What is being asked →
From the listing below, copy each line that contains the word "Images".

Data for this task →
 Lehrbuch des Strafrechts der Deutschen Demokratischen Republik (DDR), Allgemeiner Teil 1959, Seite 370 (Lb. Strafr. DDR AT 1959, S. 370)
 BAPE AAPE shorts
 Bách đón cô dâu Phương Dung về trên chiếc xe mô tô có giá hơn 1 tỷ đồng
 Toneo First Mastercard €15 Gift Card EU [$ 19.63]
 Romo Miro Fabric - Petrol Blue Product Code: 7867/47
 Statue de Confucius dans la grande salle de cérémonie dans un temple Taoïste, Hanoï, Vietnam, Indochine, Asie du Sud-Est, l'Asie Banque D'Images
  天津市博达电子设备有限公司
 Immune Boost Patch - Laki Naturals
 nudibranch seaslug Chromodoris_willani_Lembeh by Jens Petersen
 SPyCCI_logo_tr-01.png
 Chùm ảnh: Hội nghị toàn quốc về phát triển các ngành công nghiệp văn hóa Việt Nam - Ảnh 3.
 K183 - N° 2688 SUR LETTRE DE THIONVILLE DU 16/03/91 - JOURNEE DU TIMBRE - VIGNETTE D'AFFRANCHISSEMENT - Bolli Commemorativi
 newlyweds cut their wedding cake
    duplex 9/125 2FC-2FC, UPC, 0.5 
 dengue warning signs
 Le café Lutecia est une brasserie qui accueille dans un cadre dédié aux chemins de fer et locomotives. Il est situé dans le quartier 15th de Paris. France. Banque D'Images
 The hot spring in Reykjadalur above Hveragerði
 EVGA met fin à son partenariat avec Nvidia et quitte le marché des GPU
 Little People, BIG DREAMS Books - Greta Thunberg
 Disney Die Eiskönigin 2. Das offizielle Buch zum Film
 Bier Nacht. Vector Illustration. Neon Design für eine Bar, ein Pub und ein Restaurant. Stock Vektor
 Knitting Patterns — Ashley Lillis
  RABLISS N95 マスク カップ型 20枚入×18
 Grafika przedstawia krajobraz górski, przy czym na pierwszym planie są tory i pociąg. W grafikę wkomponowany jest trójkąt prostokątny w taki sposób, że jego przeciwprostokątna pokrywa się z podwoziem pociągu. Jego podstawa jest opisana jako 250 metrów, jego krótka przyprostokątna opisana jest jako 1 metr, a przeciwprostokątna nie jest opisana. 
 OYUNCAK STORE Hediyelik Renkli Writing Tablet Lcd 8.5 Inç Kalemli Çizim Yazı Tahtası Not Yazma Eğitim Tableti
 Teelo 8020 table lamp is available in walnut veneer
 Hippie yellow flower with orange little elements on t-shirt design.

Task response →
 Statue de Confucius dans la grande salle de cérémonie dans un temple Taoïste, Hanoï, Vietnam, Indochine, Asie du Sud-Est, l'Asie Banque D'Images
 Le café Lutecia est une brasserie qui accueille dans un cadre dédié aux chemins de fer et locomotives. Il est situé dans le quartier 15th de Paris. France. Banque D'Images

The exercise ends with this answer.